# Do you have a broken lighter?



## e-man (Jan 5, 2009)

Does this sound familiar? I bought this really cool lighter. It worked every time and was a dream to use. Then a month or two later that lousy piece of crap stopped working. :boohoo:

If you've been in the hobby for more than a couple months then you probably own at least one jet lighter that no longer works. It doesn't matter how much you spend on your lighter, they're pretty much made with the same internal pieces. The real difference between a fine lighter and el cheapo is the shape, materials and craftsmanship of the housing.

The most common problem is the alignment of the electrode. Jet lighters ignite much like a spark plug in a car. Check and make sure the spark is hitting the burner, not the side or top of the the housing. A lot of times, your spark hits the burner, but the gap is too wide to generate enough heat to ignition (gas cools as it expands). Electrodes often bend, burn up or break off. Unless you have a coil of wire that runs across the burner (true wind proof lighters), then you can fix it yourself. First, find a toothpick or other soft pointy item and try to bend the electrode back into a functional position. If you think your electrode is too short, then you can try to lengthen it. When you open your lighter, you will see that the electrode is just a piece of common wire. Usually, there is enough slack to feed the wire forward by one or two millimeters to make your electrode longer. Then just adjust until you get a strong spark on your burner.

Next biggest problem is a dirty burner. Tobacco dust, ash, pocket lint etc. They all end up in your burner eventually. Simply blow out with compressed air from time to time so the gas can disperse properly. If you don't have access to compressed air, then you can try to maintain your burner with a q-tip.

If the entire body of your lighter flares up momentarily, then you have a leak in your gas value or gas line. You can try tightening your valve body, and make sure the gas line is in good shape and properly attached.

Assuming you know how to properly fill a lighter and know how to adjust the flame height, this should cover most of your problems.

I found this cool Instructables link with much more detail and lots of pictures.

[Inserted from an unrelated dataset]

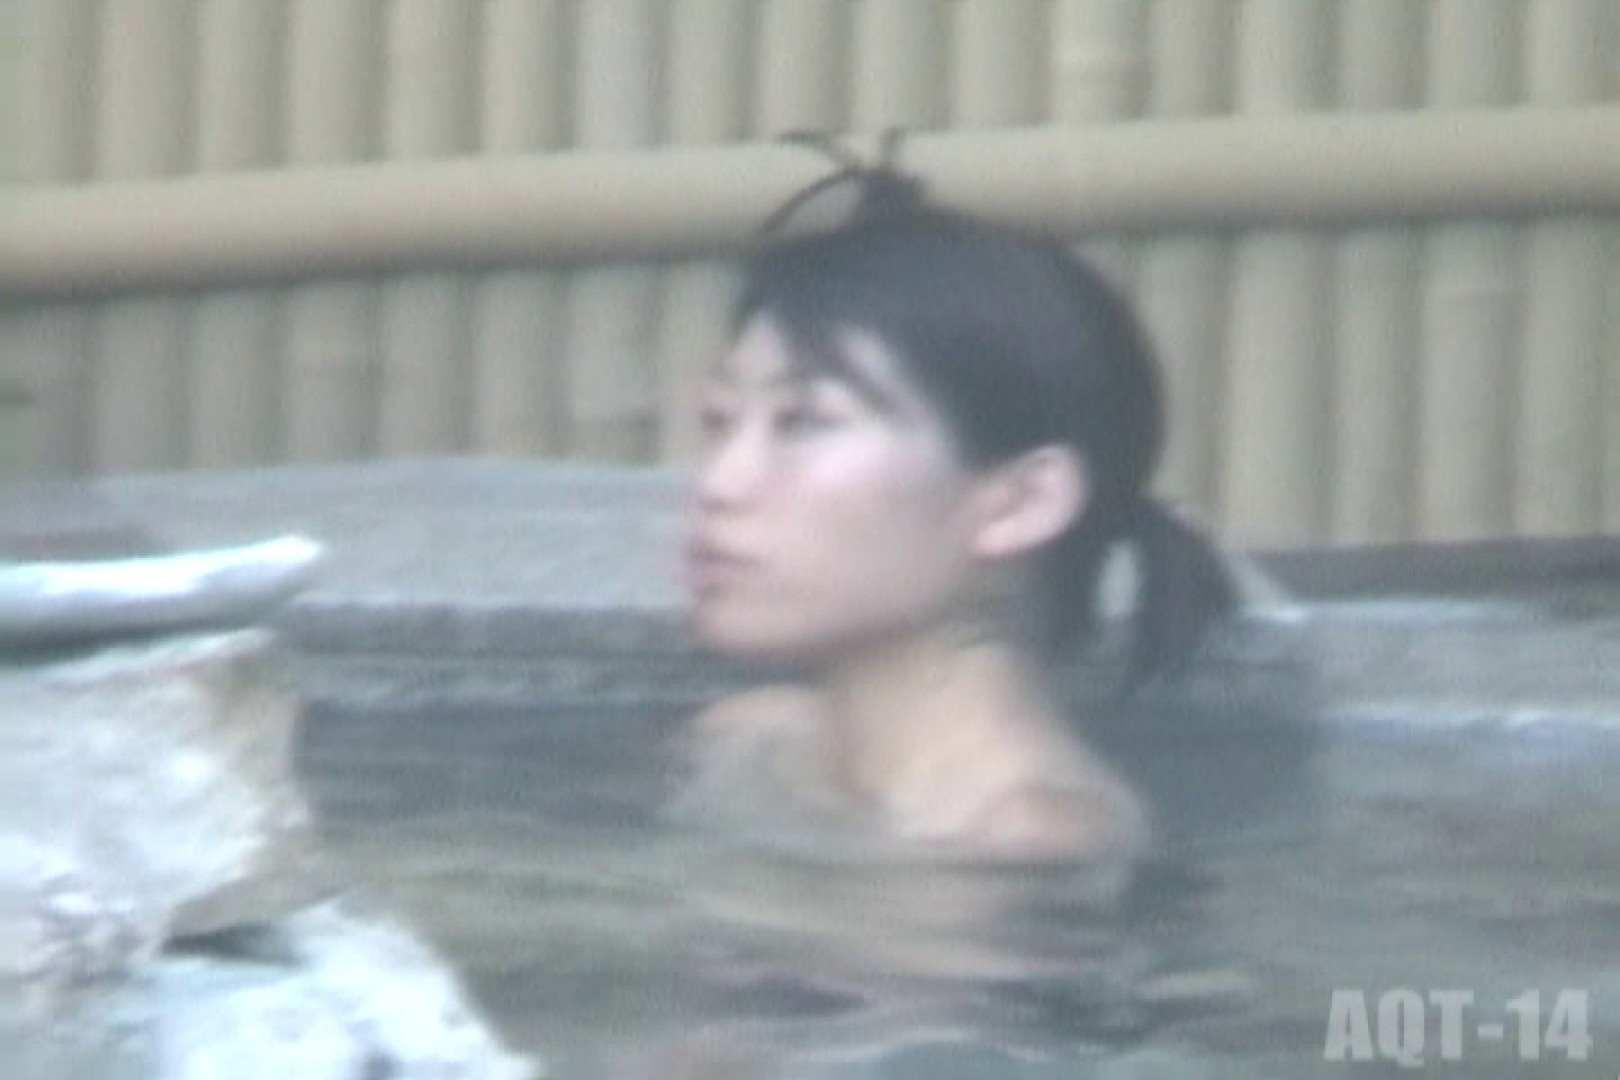 Aquaな露天風呂Vol.820 盗撮師作品  104pic 93
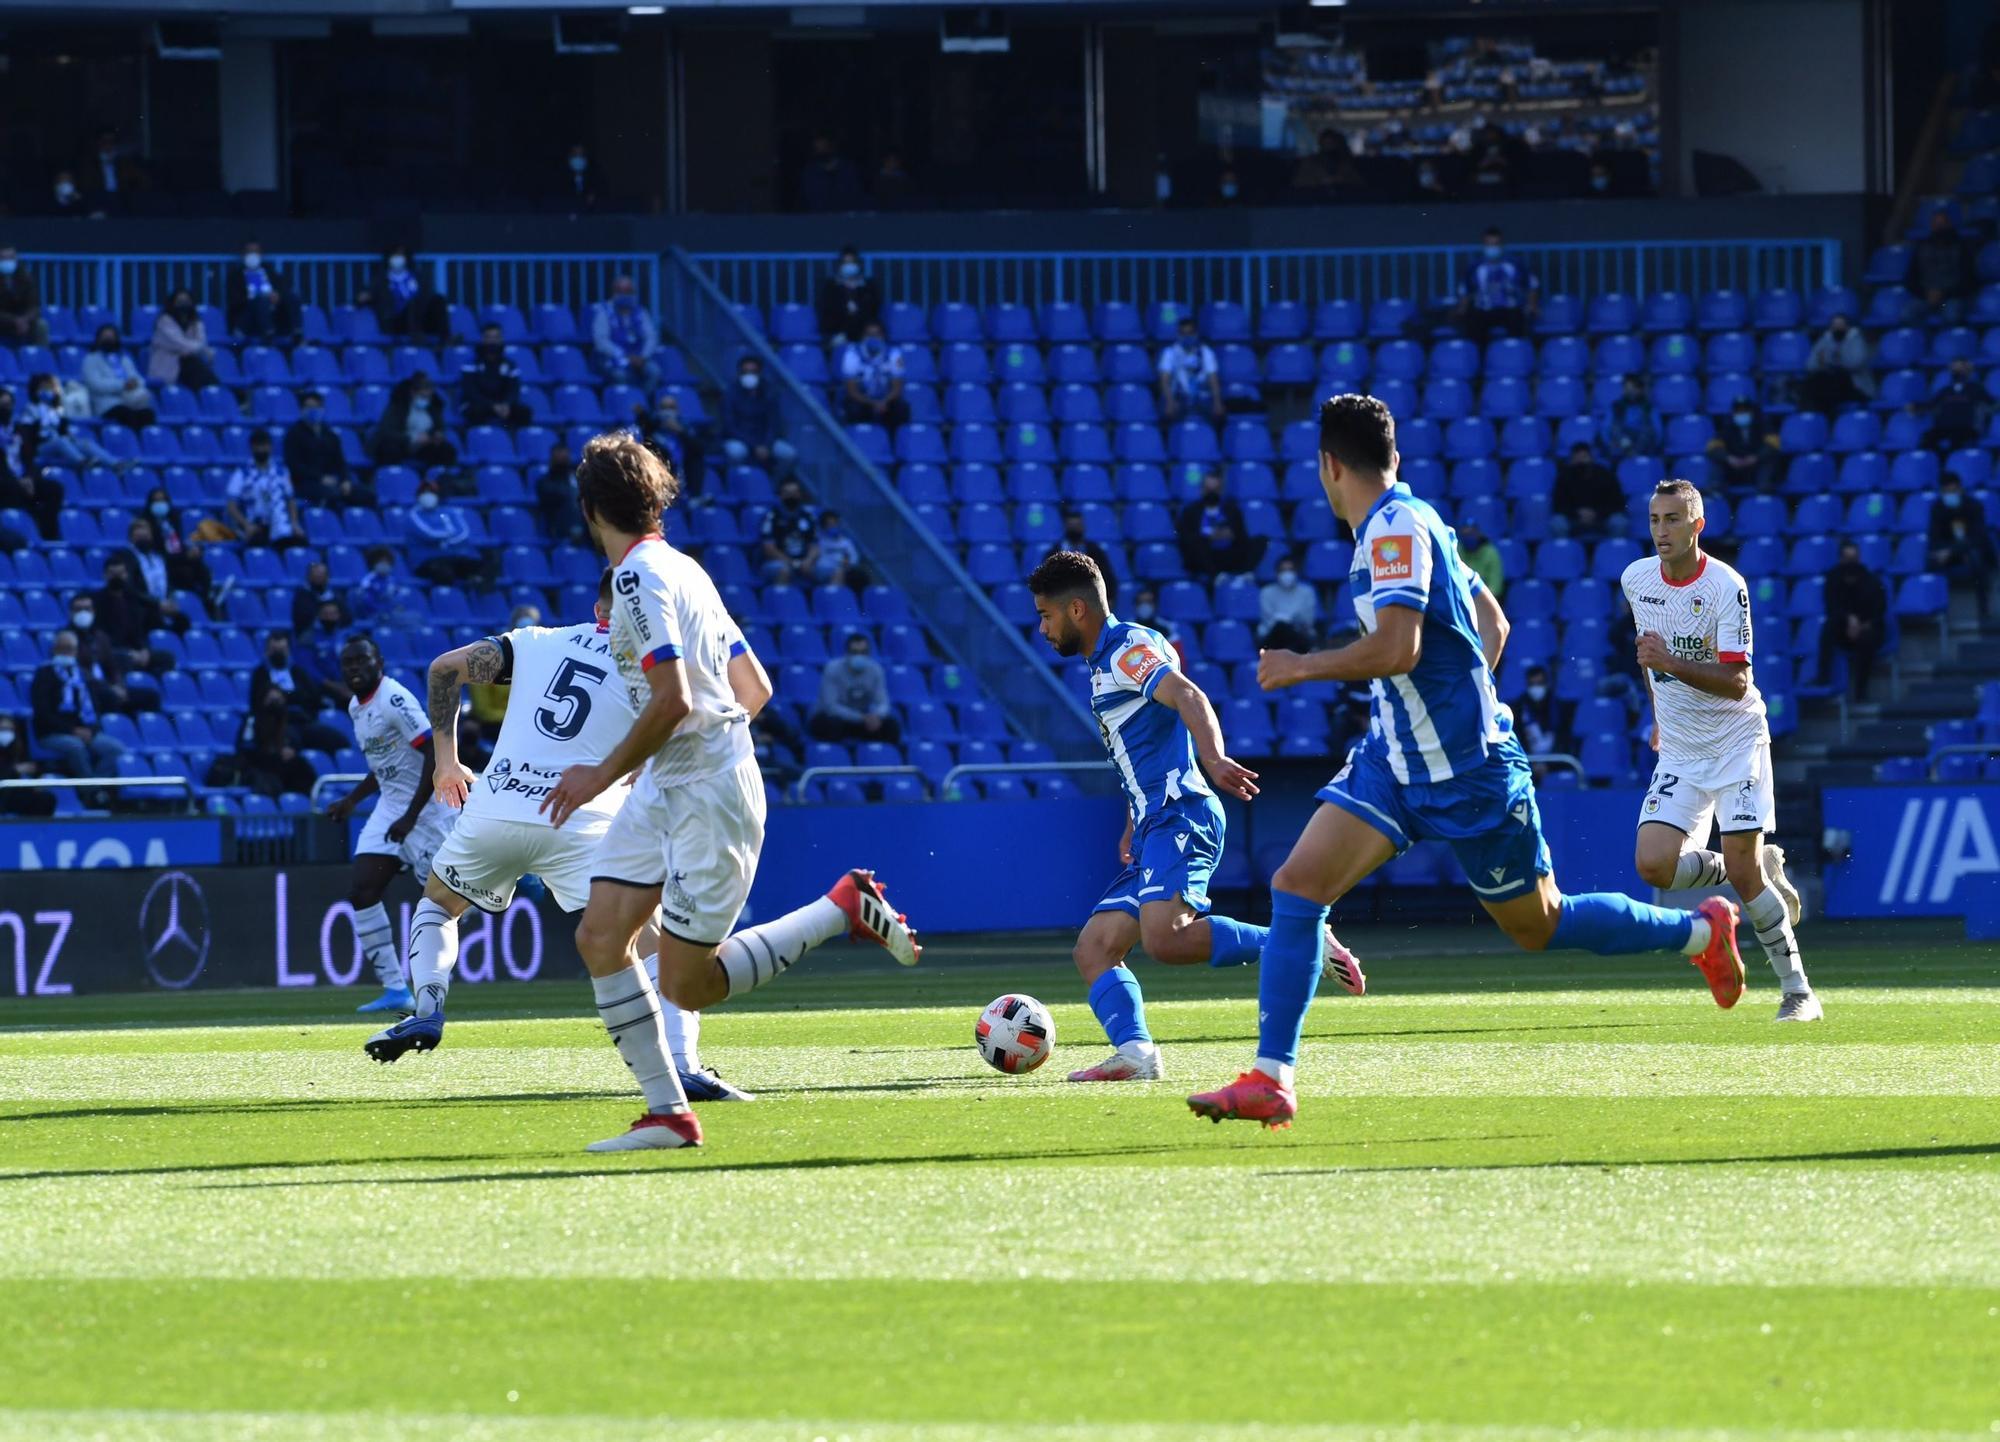 Deportivo 5 - 0 Langreo

Fixing that jet lighter you love


----------



## Codename47 (Aug 6, 2007)

I f**ked up my lighter when refilling, now when i try to refill it by correct instructions, even after 10 minutes when i open the lighter all gas leak out very quickly


----------



## armod (Dec 15, 2006)

I had a windproof that leaked gas out from the bottom of the jet.

so when I went to light it it worked for a second then went into crazy mode spewing yellow flames 6 inches tall and two inches wide.

scared the crap out of people at restaurants  I eventually got rid of it because I was bound to burn my hand or have it explode at some point


----------



## gary106334 (Sep 28, 2006)

e-man said:


> Does this sound familiar? I bought this really cool lighter. It worked every time and was a dream to use. Then a month or two later that lousy piece of crap stopped working. :boohoo:
> 
> If you've been in the hobby for more than a couple months then you probably own at least one jet lighter that no longer works. It doesn't matter how much you spend on your lighter, they're pretty much made with the same internal pieces. The real difference between a fine lighter and el cheapo is the shape, materials and craftsmanship of the housing.
> 
> ...


That's a great link for a lot of things. Thanks.


----------



## cigarlvr (Jan 13, 2008)

It seems no mater how much I spend they always end up broken. I have used the best gas and still something goes wrong. I have now buy 2 lighters at a time and not to spend over $30 on each and know if I get a few months then I am good.


----------



## elderboy02 (Jun 24, 2008)

I have a Colibri that stopped working on me after 2 times. I guess I will never get if fixed b/c the morons couldn't even tell us they were closing.


----------



## e-man (Jan 5, 2009)

elderboy02 said:


> I have a Colibri that stopped working on me after 2 times. I guess I will never get if fixed b/c the morons couldn't even tell us they were closing.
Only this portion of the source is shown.